What to work on. In the entries that follow, the line with "带键盘、鼠标和 Surface 触控笔的 Surface Studio" opens the range and the line with "Kickstarter Update 13" closes it; repeat that range exactly, both lines included.

☆ ☆ ☆ ☆ ☆

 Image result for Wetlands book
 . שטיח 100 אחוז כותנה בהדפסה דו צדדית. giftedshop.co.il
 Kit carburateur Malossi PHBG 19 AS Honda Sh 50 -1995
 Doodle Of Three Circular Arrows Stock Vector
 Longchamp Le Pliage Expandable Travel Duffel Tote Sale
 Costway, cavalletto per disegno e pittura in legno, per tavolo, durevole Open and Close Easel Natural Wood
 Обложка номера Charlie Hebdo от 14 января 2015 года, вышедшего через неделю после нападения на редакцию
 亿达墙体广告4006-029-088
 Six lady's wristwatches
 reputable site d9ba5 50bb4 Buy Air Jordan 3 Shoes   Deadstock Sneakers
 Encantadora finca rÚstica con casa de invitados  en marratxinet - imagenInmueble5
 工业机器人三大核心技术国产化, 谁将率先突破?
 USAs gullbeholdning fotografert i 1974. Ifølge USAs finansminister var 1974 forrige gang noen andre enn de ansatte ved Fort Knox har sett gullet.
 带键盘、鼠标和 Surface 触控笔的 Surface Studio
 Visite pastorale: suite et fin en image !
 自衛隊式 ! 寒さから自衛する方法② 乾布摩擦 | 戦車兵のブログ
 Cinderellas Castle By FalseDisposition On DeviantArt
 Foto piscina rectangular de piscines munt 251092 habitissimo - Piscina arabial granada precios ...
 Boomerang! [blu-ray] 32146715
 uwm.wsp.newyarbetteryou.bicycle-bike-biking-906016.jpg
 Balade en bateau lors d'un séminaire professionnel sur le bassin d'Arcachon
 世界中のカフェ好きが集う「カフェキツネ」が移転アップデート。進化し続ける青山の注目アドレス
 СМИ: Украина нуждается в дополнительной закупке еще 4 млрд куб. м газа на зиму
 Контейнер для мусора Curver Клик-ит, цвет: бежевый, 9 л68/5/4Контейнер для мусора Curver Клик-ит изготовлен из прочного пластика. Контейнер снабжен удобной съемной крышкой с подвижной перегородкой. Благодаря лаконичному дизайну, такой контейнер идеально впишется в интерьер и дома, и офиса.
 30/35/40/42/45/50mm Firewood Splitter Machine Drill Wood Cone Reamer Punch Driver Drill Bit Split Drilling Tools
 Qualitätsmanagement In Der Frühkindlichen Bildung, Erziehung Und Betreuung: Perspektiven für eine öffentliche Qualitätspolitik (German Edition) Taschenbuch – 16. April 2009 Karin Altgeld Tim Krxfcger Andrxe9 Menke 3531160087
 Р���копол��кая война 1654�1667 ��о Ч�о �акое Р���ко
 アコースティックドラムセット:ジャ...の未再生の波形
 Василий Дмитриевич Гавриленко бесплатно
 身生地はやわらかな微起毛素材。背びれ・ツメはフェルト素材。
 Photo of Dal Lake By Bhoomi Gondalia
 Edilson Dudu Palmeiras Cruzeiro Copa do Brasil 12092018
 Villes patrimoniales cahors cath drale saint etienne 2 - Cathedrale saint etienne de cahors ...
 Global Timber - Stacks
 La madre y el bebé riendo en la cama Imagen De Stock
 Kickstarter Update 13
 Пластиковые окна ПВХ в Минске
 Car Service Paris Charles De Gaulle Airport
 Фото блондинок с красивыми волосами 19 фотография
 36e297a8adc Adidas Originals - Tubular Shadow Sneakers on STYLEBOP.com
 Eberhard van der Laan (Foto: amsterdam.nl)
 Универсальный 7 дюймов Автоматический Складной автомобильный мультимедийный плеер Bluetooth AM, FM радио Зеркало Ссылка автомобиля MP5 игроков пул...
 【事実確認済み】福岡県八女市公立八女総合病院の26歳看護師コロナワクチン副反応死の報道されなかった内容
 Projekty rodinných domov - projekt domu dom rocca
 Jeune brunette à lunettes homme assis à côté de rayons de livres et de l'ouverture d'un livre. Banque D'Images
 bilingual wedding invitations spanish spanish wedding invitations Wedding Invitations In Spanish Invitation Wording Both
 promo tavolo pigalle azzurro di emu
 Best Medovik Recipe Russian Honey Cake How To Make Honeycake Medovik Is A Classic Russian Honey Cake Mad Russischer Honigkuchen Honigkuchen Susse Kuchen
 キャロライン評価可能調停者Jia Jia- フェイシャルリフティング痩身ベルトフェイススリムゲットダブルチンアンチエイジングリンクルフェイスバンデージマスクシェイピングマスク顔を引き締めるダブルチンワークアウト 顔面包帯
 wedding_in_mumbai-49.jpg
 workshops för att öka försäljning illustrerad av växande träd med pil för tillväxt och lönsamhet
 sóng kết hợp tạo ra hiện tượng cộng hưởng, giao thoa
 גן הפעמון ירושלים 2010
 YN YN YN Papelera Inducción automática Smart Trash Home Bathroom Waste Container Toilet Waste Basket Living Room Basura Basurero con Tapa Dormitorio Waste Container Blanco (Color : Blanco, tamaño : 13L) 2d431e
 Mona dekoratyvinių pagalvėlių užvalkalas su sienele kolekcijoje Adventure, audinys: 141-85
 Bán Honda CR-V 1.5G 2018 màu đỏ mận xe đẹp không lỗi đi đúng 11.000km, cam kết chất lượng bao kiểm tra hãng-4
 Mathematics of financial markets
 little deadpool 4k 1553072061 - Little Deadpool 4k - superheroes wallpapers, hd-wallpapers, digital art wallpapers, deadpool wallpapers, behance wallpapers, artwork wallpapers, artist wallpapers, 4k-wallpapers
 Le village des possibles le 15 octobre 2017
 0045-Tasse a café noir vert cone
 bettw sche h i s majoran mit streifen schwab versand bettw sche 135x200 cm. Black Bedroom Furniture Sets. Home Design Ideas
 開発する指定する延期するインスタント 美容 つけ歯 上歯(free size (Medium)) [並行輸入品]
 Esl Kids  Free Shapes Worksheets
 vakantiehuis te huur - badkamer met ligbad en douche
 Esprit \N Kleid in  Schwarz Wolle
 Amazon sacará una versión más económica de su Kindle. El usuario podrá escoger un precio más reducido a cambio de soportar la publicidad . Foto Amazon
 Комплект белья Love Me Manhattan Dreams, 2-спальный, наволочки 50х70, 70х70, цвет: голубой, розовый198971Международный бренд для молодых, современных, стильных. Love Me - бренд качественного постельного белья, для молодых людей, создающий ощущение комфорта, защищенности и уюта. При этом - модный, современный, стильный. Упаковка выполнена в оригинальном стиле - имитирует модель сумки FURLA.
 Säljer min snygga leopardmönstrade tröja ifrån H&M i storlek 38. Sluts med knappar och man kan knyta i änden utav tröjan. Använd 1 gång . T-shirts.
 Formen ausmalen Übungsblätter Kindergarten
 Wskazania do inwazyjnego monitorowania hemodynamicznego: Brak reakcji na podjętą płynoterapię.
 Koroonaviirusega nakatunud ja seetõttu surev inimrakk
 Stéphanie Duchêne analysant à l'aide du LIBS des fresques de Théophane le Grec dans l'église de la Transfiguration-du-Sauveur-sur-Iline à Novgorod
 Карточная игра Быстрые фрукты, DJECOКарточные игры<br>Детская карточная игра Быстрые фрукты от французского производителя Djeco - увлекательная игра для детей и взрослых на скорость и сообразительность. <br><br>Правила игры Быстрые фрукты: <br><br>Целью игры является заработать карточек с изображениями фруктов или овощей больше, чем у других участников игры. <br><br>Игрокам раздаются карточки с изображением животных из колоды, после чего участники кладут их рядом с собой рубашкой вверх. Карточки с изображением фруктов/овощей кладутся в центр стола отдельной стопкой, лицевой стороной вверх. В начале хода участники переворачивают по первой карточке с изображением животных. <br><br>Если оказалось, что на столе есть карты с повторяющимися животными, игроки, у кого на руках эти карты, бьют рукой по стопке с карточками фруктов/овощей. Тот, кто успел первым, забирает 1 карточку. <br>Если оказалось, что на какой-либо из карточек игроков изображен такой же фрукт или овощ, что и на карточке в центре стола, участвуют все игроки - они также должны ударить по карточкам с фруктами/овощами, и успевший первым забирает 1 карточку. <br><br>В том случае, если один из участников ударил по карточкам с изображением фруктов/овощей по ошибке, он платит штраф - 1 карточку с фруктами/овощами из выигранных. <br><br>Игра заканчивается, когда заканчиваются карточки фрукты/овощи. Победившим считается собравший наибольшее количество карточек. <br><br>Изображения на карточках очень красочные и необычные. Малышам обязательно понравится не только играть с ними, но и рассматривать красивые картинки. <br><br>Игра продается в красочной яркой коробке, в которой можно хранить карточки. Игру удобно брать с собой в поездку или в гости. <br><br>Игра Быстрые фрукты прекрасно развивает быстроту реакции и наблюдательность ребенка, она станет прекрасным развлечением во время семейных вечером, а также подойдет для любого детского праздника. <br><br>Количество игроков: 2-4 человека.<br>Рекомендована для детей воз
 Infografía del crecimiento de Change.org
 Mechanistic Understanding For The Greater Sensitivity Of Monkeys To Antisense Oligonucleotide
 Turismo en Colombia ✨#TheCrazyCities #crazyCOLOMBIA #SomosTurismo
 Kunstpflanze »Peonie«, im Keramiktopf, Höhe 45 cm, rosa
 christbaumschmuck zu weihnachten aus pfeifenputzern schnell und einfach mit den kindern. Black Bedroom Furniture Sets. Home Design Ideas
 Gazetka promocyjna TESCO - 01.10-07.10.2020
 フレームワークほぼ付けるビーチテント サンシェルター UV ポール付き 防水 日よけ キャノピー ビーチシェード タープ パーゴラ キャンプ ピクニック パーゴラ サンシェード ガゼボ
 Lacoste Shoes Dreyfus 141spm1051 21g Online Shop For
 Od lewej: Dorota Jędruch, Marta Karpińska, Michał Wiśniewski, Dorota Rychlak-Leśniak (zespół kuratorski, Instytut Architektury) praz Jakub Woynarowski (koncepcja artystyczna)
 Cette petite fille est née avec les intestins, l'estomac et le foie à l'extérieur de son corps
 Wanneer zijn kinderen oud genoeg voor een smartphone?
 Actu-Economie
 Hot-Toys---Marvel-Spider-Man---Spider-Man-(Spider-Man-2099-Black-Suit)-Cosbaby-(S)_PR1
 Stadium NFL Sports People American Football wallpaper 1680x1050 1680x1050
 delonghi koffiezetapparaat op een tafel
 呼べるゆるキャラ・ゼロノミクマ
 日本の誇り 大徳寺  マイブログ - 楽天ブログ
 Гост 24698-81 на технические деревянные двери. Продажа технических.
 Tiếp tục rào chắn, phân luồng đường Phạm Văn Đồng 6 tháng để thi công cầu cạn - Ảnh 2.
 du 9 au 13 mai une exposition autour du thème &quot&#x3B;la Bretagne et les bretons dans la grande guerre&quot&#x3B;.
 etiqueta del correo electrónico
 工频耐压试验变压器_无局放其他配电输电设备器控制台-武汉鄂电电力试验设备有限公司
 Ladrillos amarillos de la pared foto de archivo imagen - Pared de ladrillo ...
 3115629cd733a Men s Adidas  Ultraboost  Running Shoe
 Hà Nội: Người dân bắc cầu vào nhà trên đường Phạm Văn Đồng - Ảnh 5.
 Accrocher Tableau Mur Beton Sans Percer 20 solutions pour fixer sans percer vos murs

☆ ☆ ☆ ☆ ☆

Final answer.
 带键盘、鼠标和 Surface 触控笔的 Surface Studio
 Visite pastorale: suite et fin en image !
 自衛隊式 ! 寒さから自衛する方法② 乾布摩擦 | 戦車兵のブログ
 Cinderellas Castle By FalseDisposition On DeviantArt
 Foto piscina rectangular de piscines munt 251092 habitissimo - Piscina arabial granada precios ...
 Boomerang! [blu-ray] 32146715
 uwm.wsp.newyarbetteryou.bicycle-bike-biking-906016.jpg
 Balade en bateau lors d'un séminaire professionnel sur le bassin d'Arcachon
 世界中のカフェ好きが集う「カフェキツネ」が移転アップデート。進化し続ける青山の注目アドレス
 СМИ: Украина нуждается в дополнительной закупке еще 4 млрд куб. м газа на зиму
 Контейнер для мусора Curver Клик-ит, цвет: бежевый, 9 л68/5/4Контейнер для мусора Curver Клик-ит изготовлен из прочного пластика. Контейнер снабжен удобной съемной крышкой с подвижной перегородкой. Благодаря лаконичному дизайну, такой контейнер идеально впишется в интерьер и дома, и офиса.
 30/35/40/42/45/50mm Firewood Splitter Machine Drill Wood Cone Reamer Punch Driver Drill Bit Split Drilling Tools
 Qualitätsmanagement In Der Frühkindlichen Bildung, Erziehung Und Betreuung: Perspektiven für eine öffentliche Qualitätspolitik (German Edition) Taschenbuch – 16. April 2009 Karin Altgeld Tim Krxfcger Andrxe9 Menke 3531160087
 Р���копол��кая война 1654�1667 ��о Ч�о �акое Р���ко
 アコースティックドラムセット:ジャ...の未再生の波形
 Василий Дмитриевич Гавриленко бесплатно
 身生地はやわらかな微起毛素材。背びれ・ツメはフェルト素材。
 Photo of Dal Lake By Bhoomi Gondalia
 Edilson Dudu Palmeiras Cruzeiro Copa do Brasil 12092018
 Villes patrimoniales cahors cath drale saint etienne 2 - Cathedrale saint etienne de cahors ...
 Global Timber - Stacks
 La madre y el bebé riendo en la cama Imagen De Stock
 Kickstarter Update 13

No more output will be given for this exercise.